_HOW TO COMPLETE THIS TASK:_ From the line containing "mla format outline" to the end of the data, retype every line exactly and nothing else. Drop the pictures.

_GIVEN INFORMATION:_
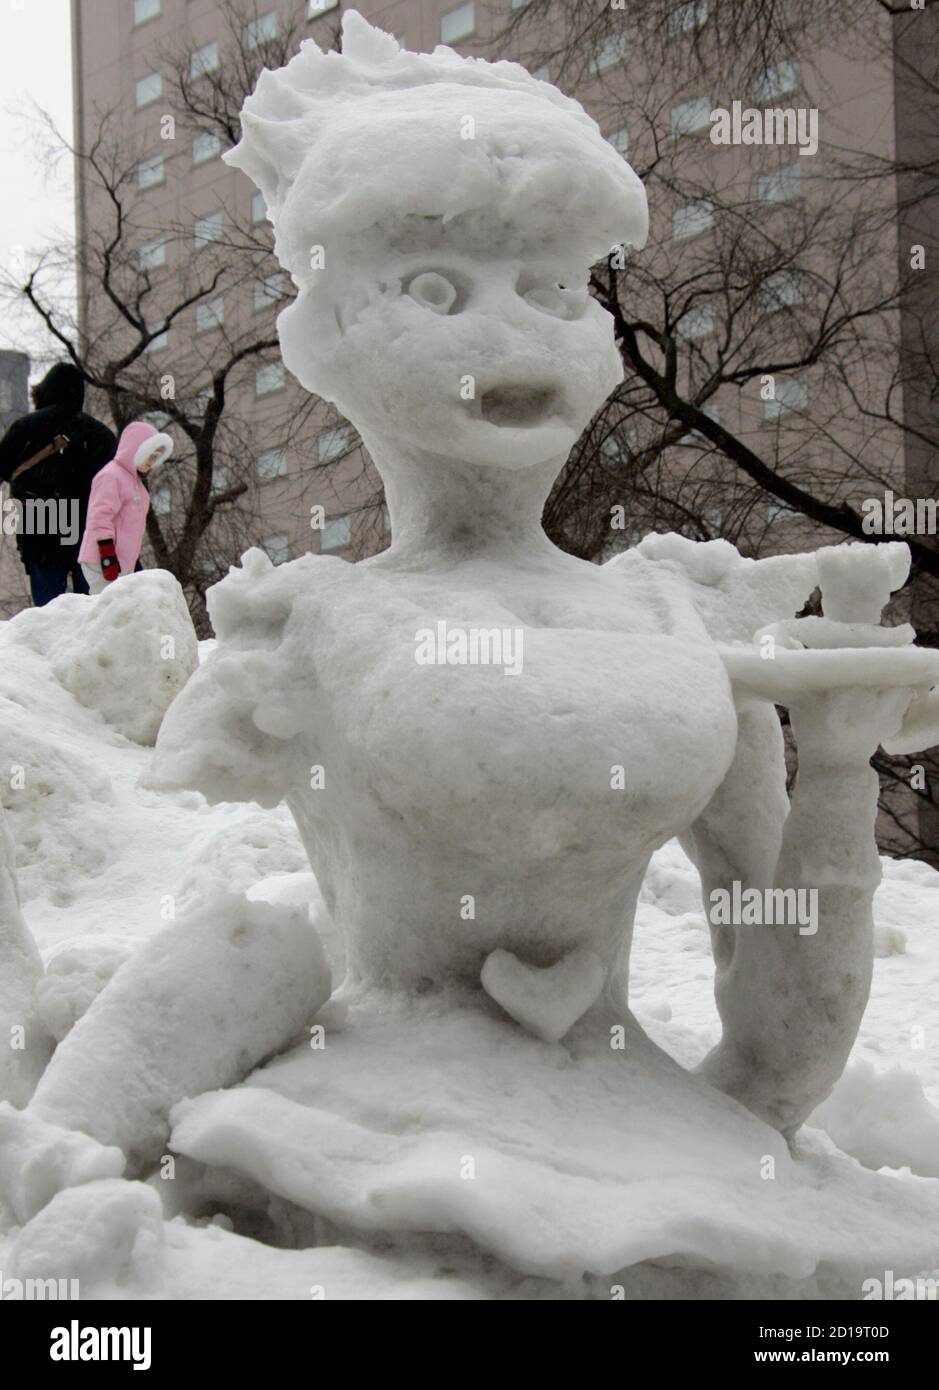 A partially melted mermaid-shaped snow sculpture is displayed at the  Sapporo Snow Festival in Sapporo, northern Japan February 6, 2007.  Undaunted by unseasonably high temperatures and rain, the Sapporo Snow  Festival, one
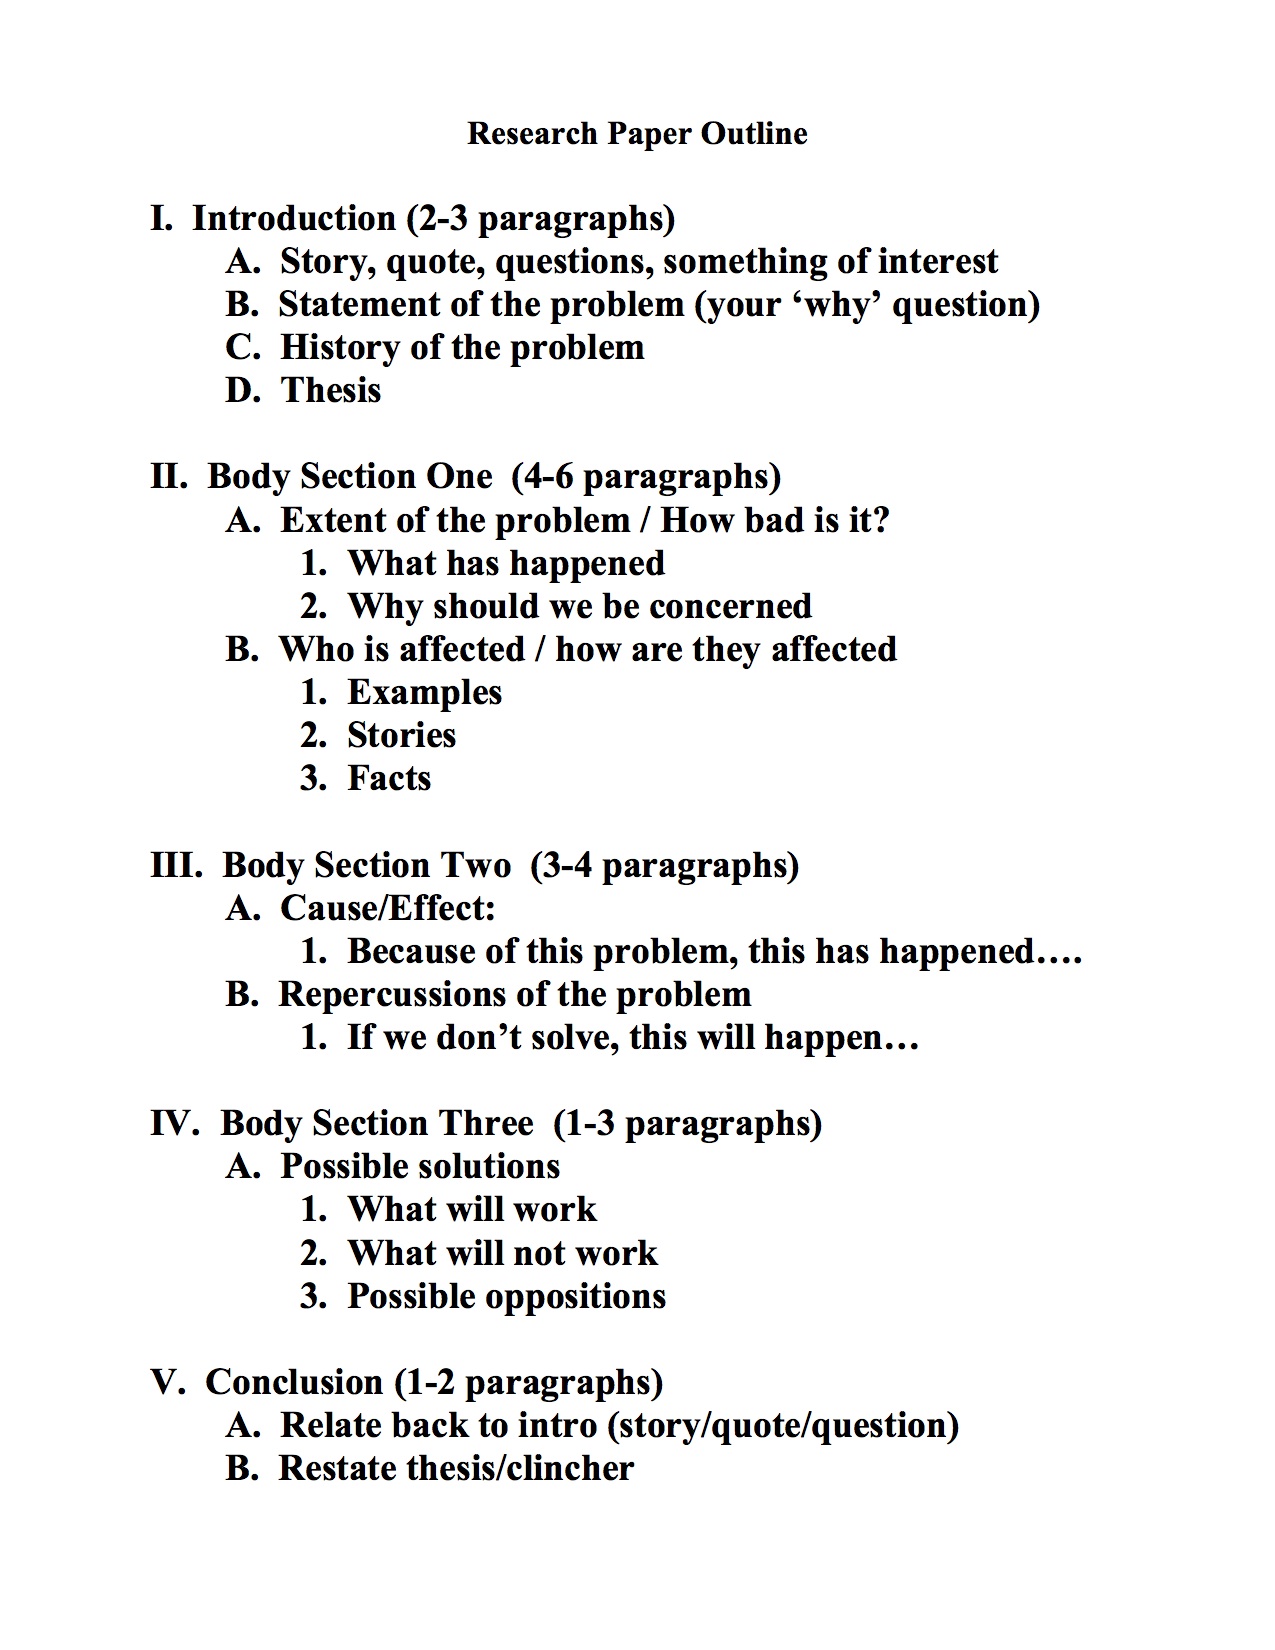 mla format outline for research paper Jose.mulinohouse.co
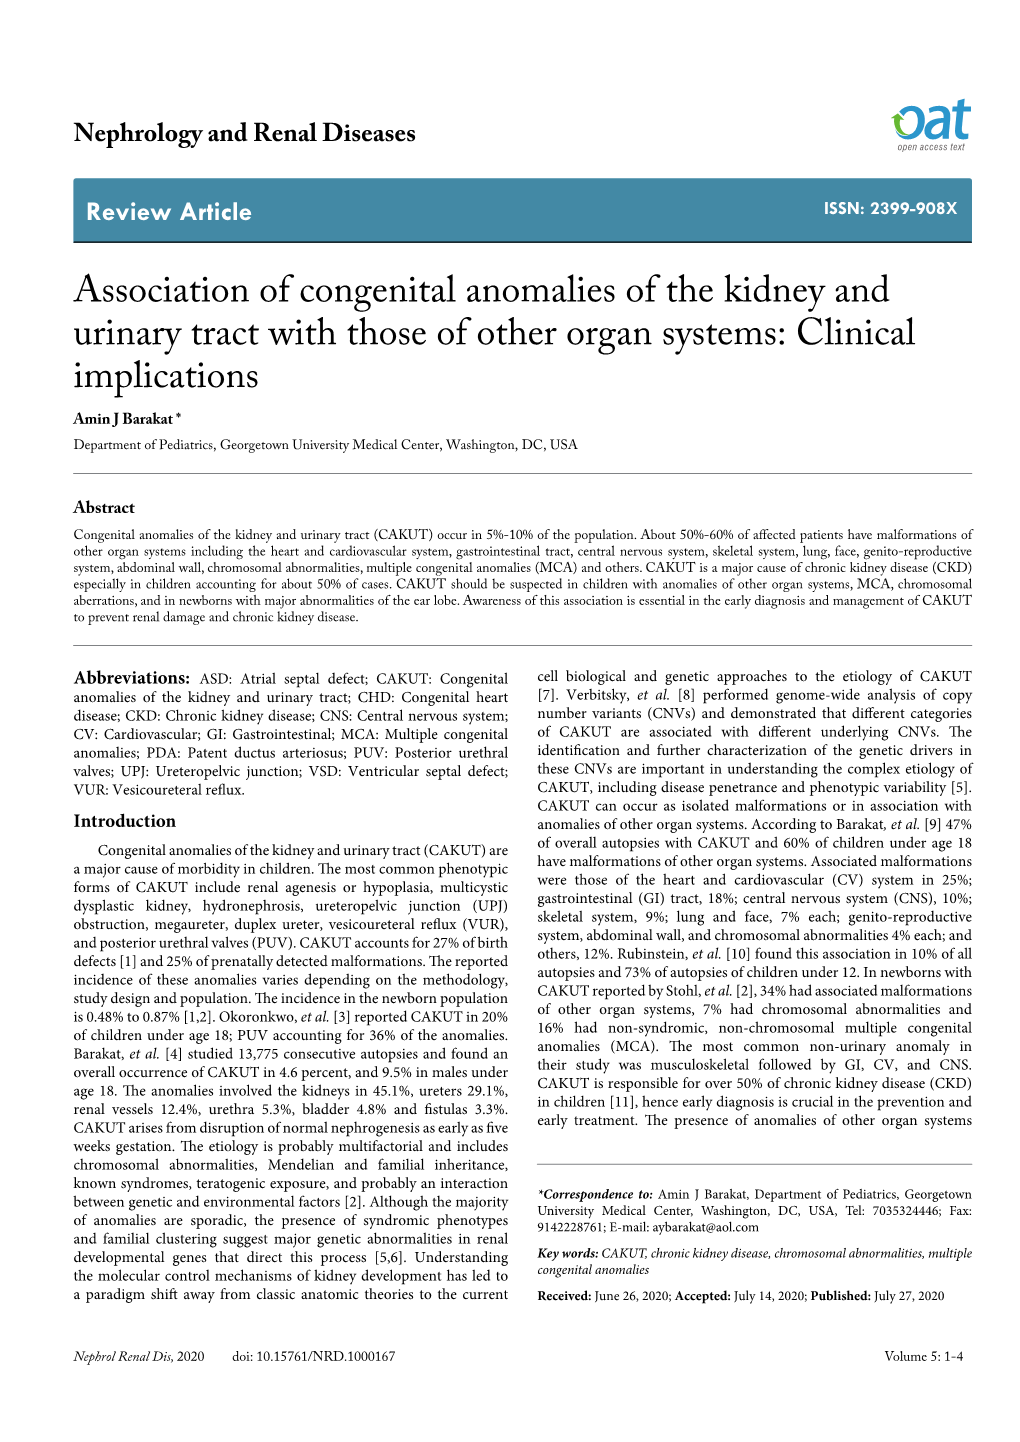 Association of Congenital Anomalies of the Kidney and Urinary

_REPLY TO THE TASK:_
 mla format outline for research paper Jose.mulinohouse.co
 Association of Congenital Anomalies of the Kidney and Urinary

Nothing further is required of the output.